A baba e os olhos
O interno passou pelo meio das macas, cada uma delas com um corpo em cima, que atafulhavam a saleta de triagem-homens. Havia várias, e algumas estavam oblíquas, tocando-se por vértices.Para chegar aonde precisava, teve de desviar algumas. Ao desviar uma, tocou num corpo, que logo ameaçou despenhar-se dela abaixo, resfolegando. O interno, à força de antebraços, recolocou na maca o corpo que lá estava e reparou, ao fazer isso, que se tratava ali dum corpo jovem e bastante vivo, que se babava bastante. E esse corpo tentou limpar a baba à bata do interno, enquanto babujava um gemebundo e irascível "fodo-te!".

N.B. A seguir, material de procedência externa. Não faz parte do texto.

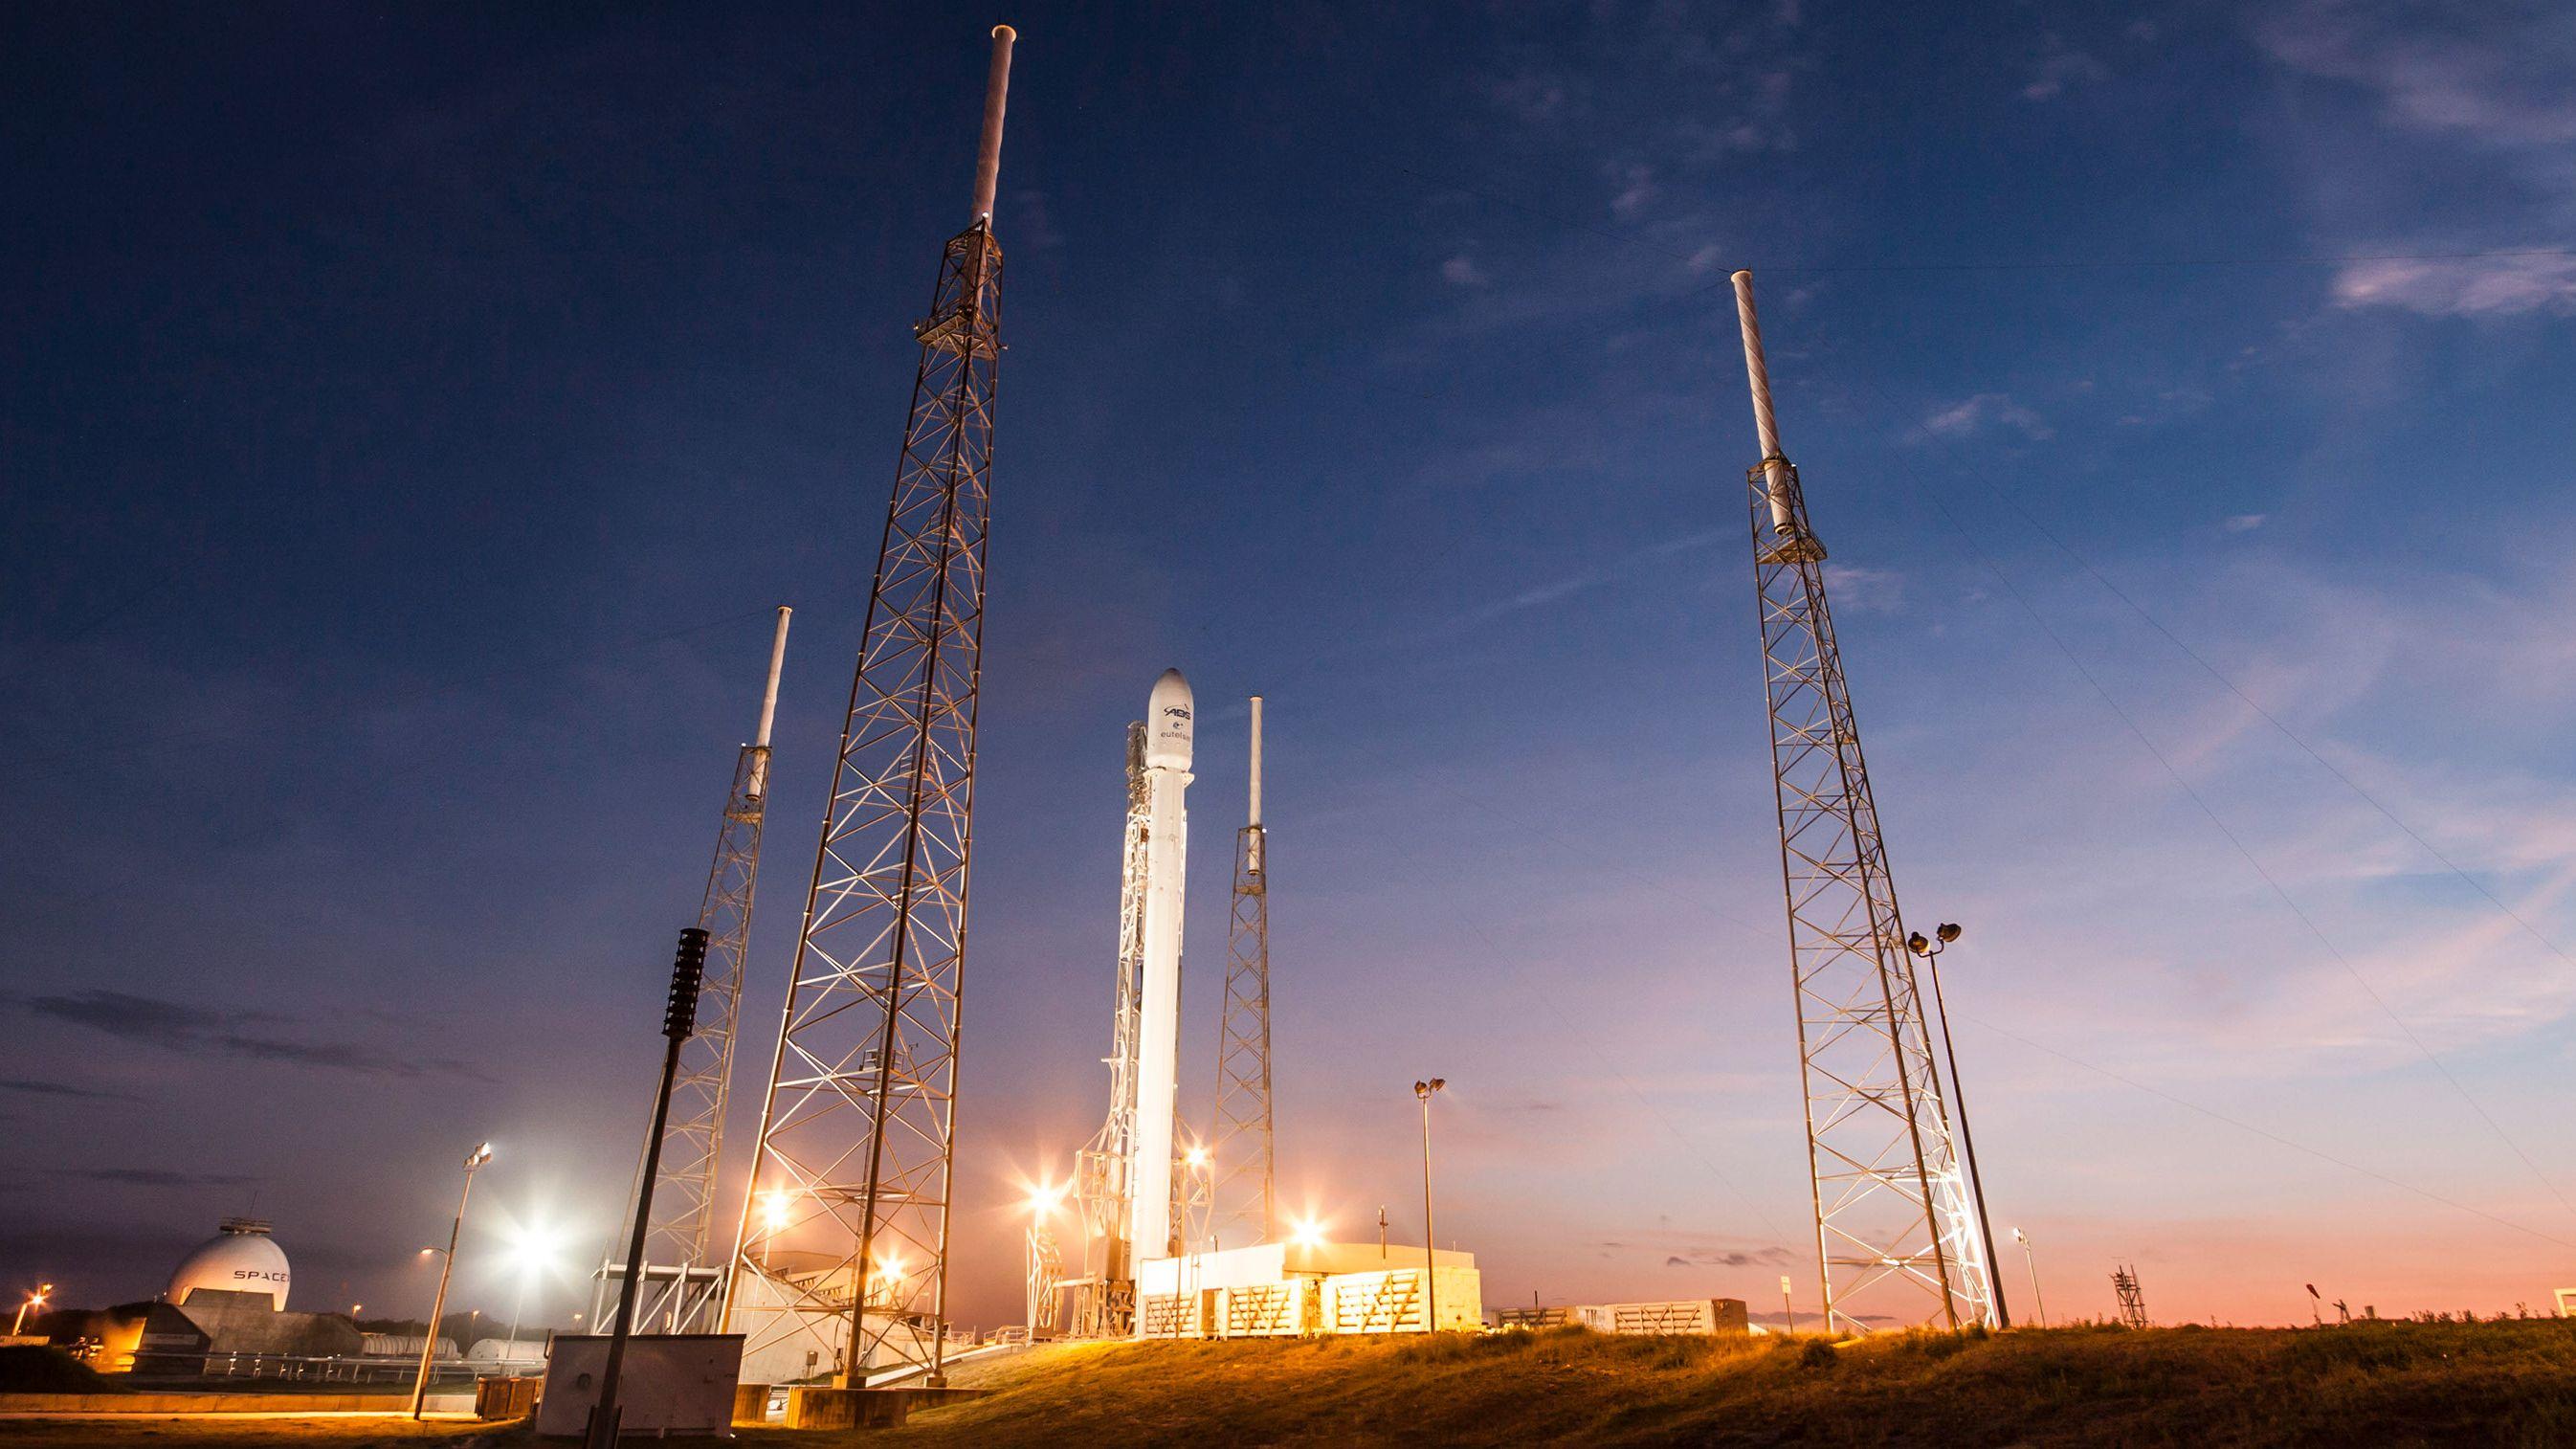 NASA gir SpaceX etterlengtet sertifisering

O interno repeliu as beiças do baboso com um puxão gentil na bata e seguiu para onde ia. Caminho pequeno, até à mesa das análises, que tentou ler mantendo-se de costas para o caminho, porque lhe tinha sido penosa a caminhada e pouco bela.
Sentindo restolhada atrás de si, logo depois, o interno virou-se de repente, naquela coisa premonitória que por vezes temos de que "isto é comigo".
E era.
Vinha o baboso, já de pé e babando-se mais, de ferro em riste, era um daqueles suportes para soros, dos antigos, que eram de ferro, levantado e já a pontos de se baixar nas costas do interno.
Vários dos corpos antigamente inertes no cimo das macas se tinham erguido, perante a restolhada, bradando alertas que eram mais para dentro que para fora. "Debandar!". Tanto que se levantaram e sairam, lestos, bastante menos mal de si do que o interno pensara que estivessem.
E o baboso ali, traidamente em pé, subitamente indeciso, fitando agora olhos que o olhavam, em lugar de fitar as costas fáceis que o motivaram às melhoras do levante e da ferrugem.
Mas, uma vez de pé, os babosos fogem - depois de hesitarem, como quase toda a gente, independentemente da baba que emitem e do lugar do corpo onde ela lhes chega - para a frente. E, berrando já, no desespero do desmascaramento, fez menção de desfechar o golpe que hesitara e que se lhe impôs de novo, porque tinha de se cumprir na baba inteira.
O interno, que tivera já tempo para o medo e que sentia agora raiva surda, agarrou-lhe o ferro, com ambas as mãos, e sentiu que o ferro se torcia. Mas não, o ferro é rijo, era apenas o baboso que se afrouxava todo, novamente, agora na moleza do imprevisto, e que desejava regressar à maca, às arrecuas. O que não conseguiu, porque o interno o transportou, ambos de pé e agarrados ao ferro, como gémeos que se defrontassem naquele ódio fraterno de se compreenderem e se detestarem pelo mútuo entendimento que preside aos confrontos tristes, até à parede, até o baboso se encontrar com ela e se lhe encostar, altura em que decidiu não permanecer mais de pé, escorrendo-se por ele inteiro e pelo muro abaixo, babando-se sempre, até ficar de cócoras, sempre agarrado ao ferro mas não fazendo força, desviando dos do interno os olhos que neles mantivera fixos enquanto recuava, desatando a gemer de novo, já doente outra vez, e depois berrando que lhe batiam, "eu fodo-te! queres-me bater! acudam!", o que era falso, como falsas eram já, como se provou nas entrelinhas da memória que agora consultei, mais de metade das coisas que ali se estavam a passar desde antes, muito antes, mesmo antes de o baboso se levantar, babando sempre, da baba inerte em que ali estava antes afogado, náufrago de jangada frouxa que estrebuchava mal no mar manso que agitara.